You can increase and decrease the length of the summarization using min_length and max_length. Ideally, summarization length should be 10% to 20% of the total article length.
This model is ideally suitable to summarize the news articles. But it can also give good results on Twitter data.
You can use different BART model versions such as bart-large, bart-base, bart-large-cnn, and bart-large-mnli.

3. Summarization using GPT-2 model

GPT-2 model with 1.5 million parameters is a large transformer-based language model. It’s trained for predicting the next word. So, we can use this specialty to summarize Twitter data.

GPT-2 models come with various versions. And, each version’s size is more than 1 GB.

We will be using the bert-extractive-summarizer library to download GPT-2 models. Learn more about the bert-extractive-summarizer library here.

Use pip install bert-extractive-summarizer command to install the library.

Here is a code to summarize the Twitter dataset using the GPT-2 model.

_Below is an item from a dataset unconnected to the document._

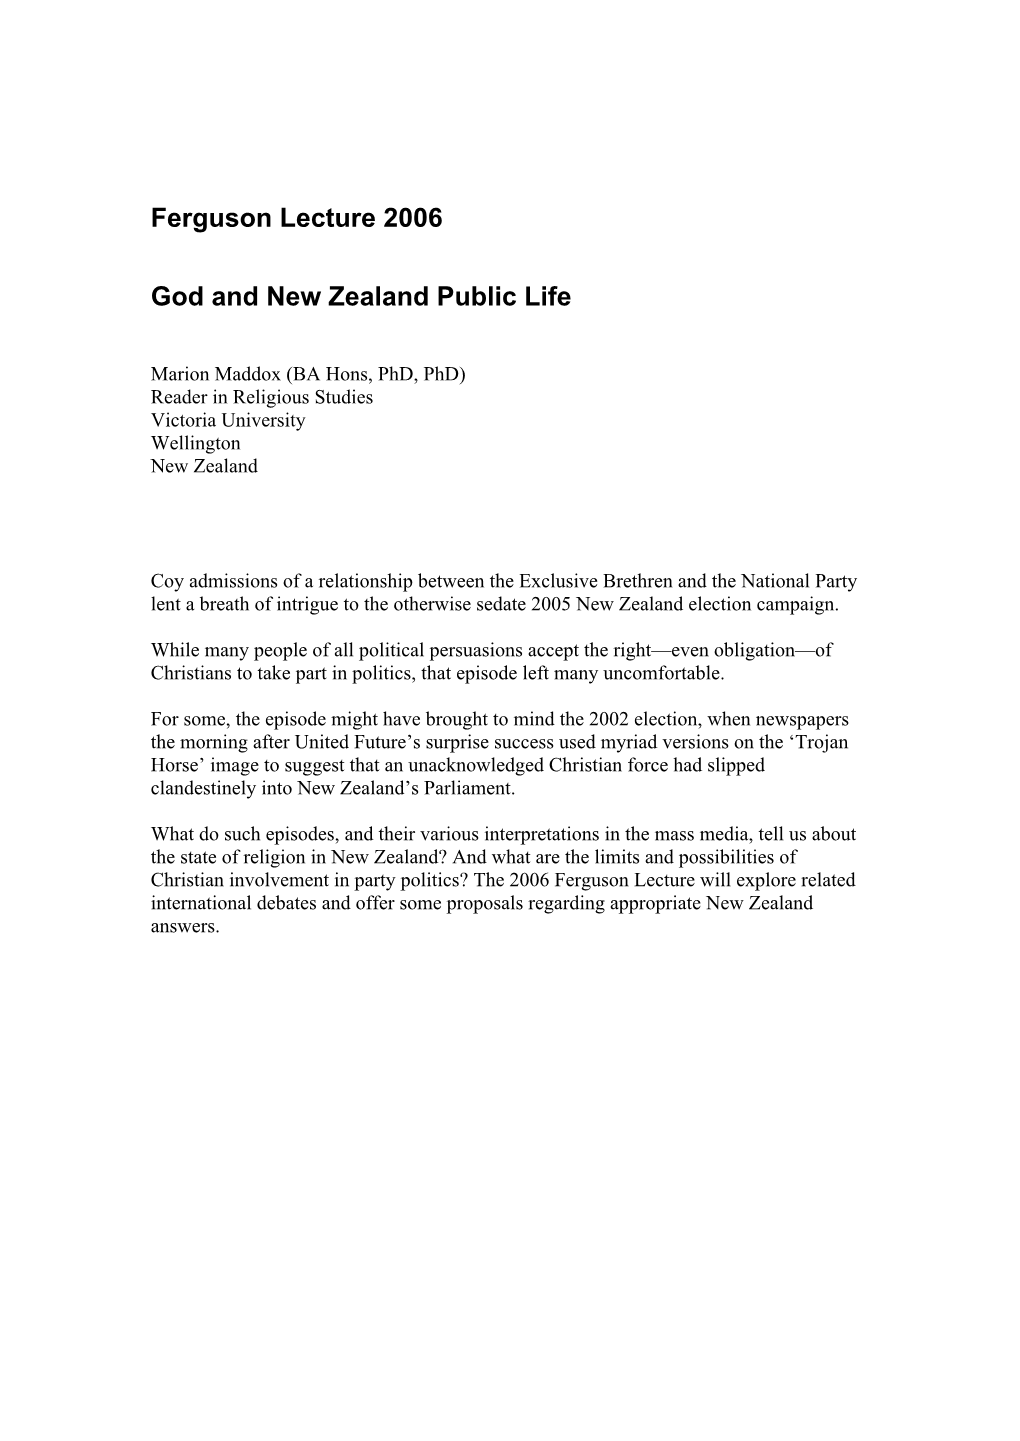 Ferguson Lecture 2006 God and New Zealand Public Life
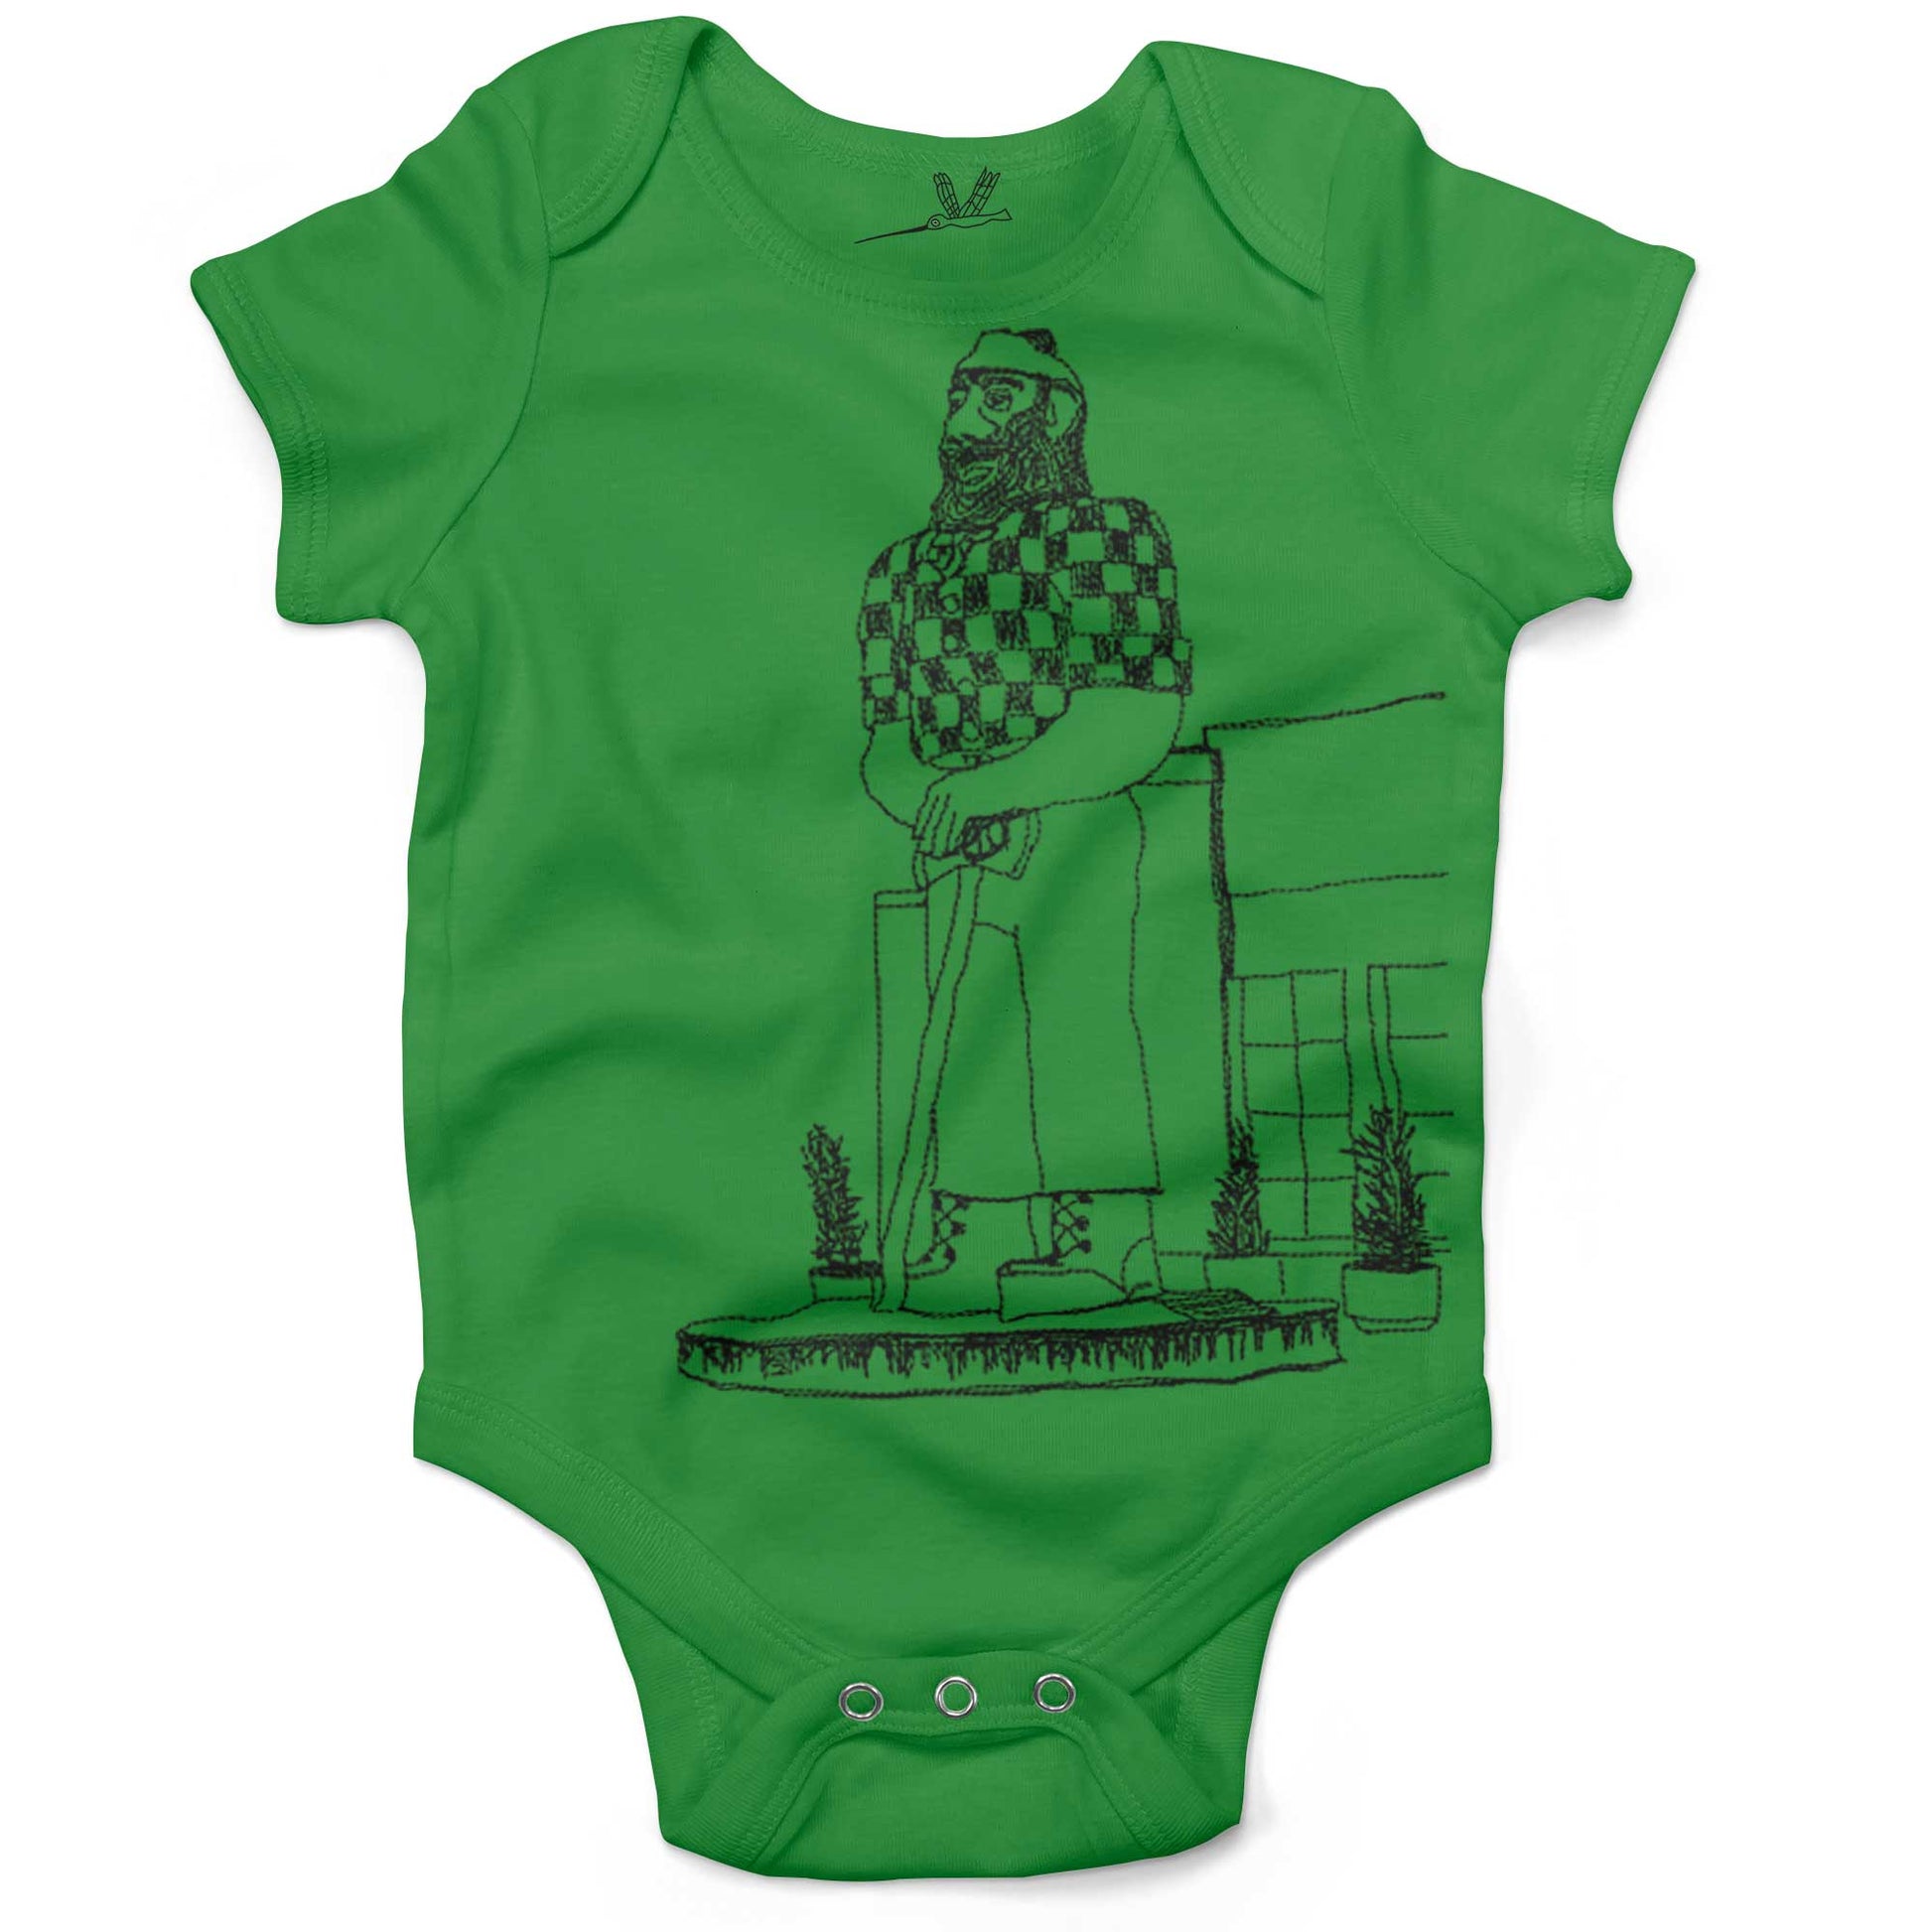 Paul Bunyan Infant Bodysuit or Raglan Baby Tee-Grass Green-3-6 months

	>>> from summarizer import TransformerSummarizer
	>>> import re
	>>> GPT2_model = TransformerSummarizer(transformer_type="GPT2",transformer_model_key="gpt2-medium")
	>>> text = " ".join(tweet_data)
	>>> TEXT_CLEANING_RE = "@\S+\|https?:\S+\|http?:\S\|[^A-Za-z0-9]+"
	>>> text = re.sub(TEXT_CLEANING_RE, ' ', str(text).lower()).strip()
	>>> summerize = ''.join(GPT2_model(text, min_length=60, max_length=120))
	>>> summerize
	'Overnight show with me and a host of brilliant guests on both sides of the at trump s defeat will expose narendramodi to international censure change in the white house likely to force the in in a choice between a clown and a gaffe prone plagiarist tarred by his son s alleged corruption trump deserves th see a detailed map of'

view raw gpt_2_summerization.py hosted with ❤ by GitHub

Observation on Code

The transformer_type value will vary according to the pre-trained model we use.
You can change the transformer_model_key as per the requirement. GPT-2 has four versions gpt2, gpt2-medium, gpt2-large and gpt2-XL.
This library also has a min_length and max_length option. You can assign values to these variables as per your requirement.

4. Summarization using XLNet model

XLNet is an improved version of the BERT model which implement permutation language modeling in its architecture. Also, XLNet is a bidirectional transformer where the next tokens are predicted in random order.

The XLNet model has two versions xlnet-base-cased and xlnet-large-cased.

Here is a code to summarize the Twitter dataset using the XLNet model.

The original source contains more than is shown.